* Task to carry out
For this exercise, restate every line below word for word and drop the images.

* Entries shown
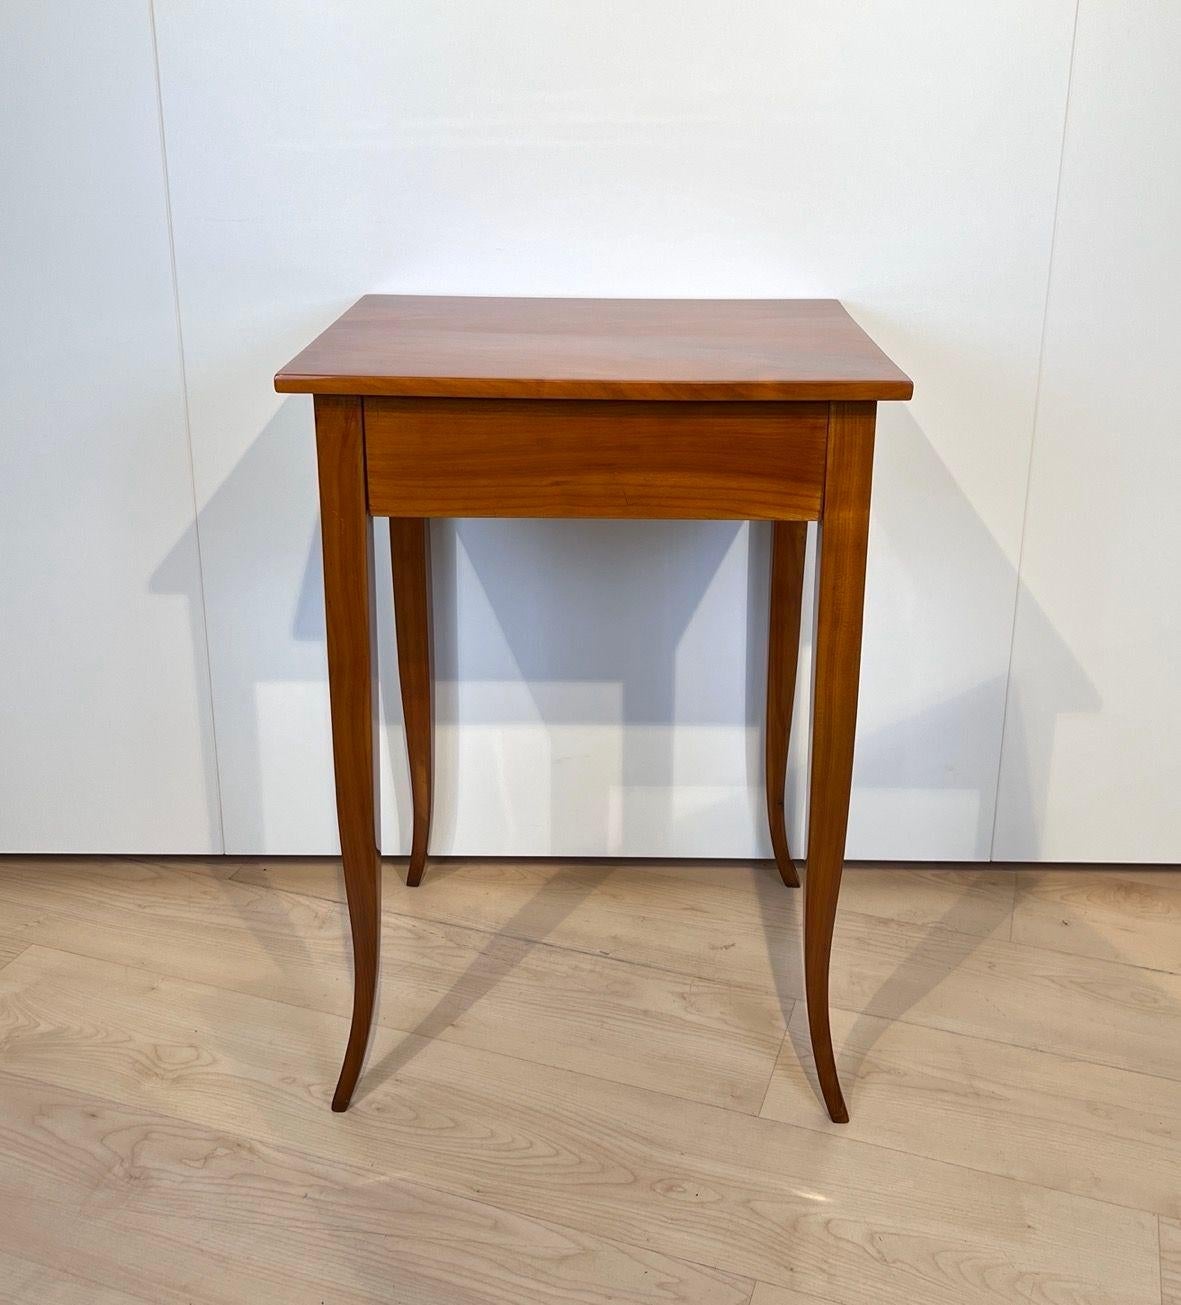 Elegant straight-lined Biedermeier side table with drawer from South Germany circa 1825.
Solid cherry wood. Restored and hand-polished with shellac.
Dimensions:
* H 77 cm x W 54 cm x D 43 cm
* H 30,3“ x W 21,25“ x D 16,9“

* Answer to the exercise
 Elegant straight-lined Biedermeier side table with drawer from South Germany circa 1825.
Solid cherry wood. Restored and hand-polished with shellac.
Dimensions:
* H 77 cm x W 54 cm x D 43 cm
* H 30,3“ x W 21,25“ x D 16,9“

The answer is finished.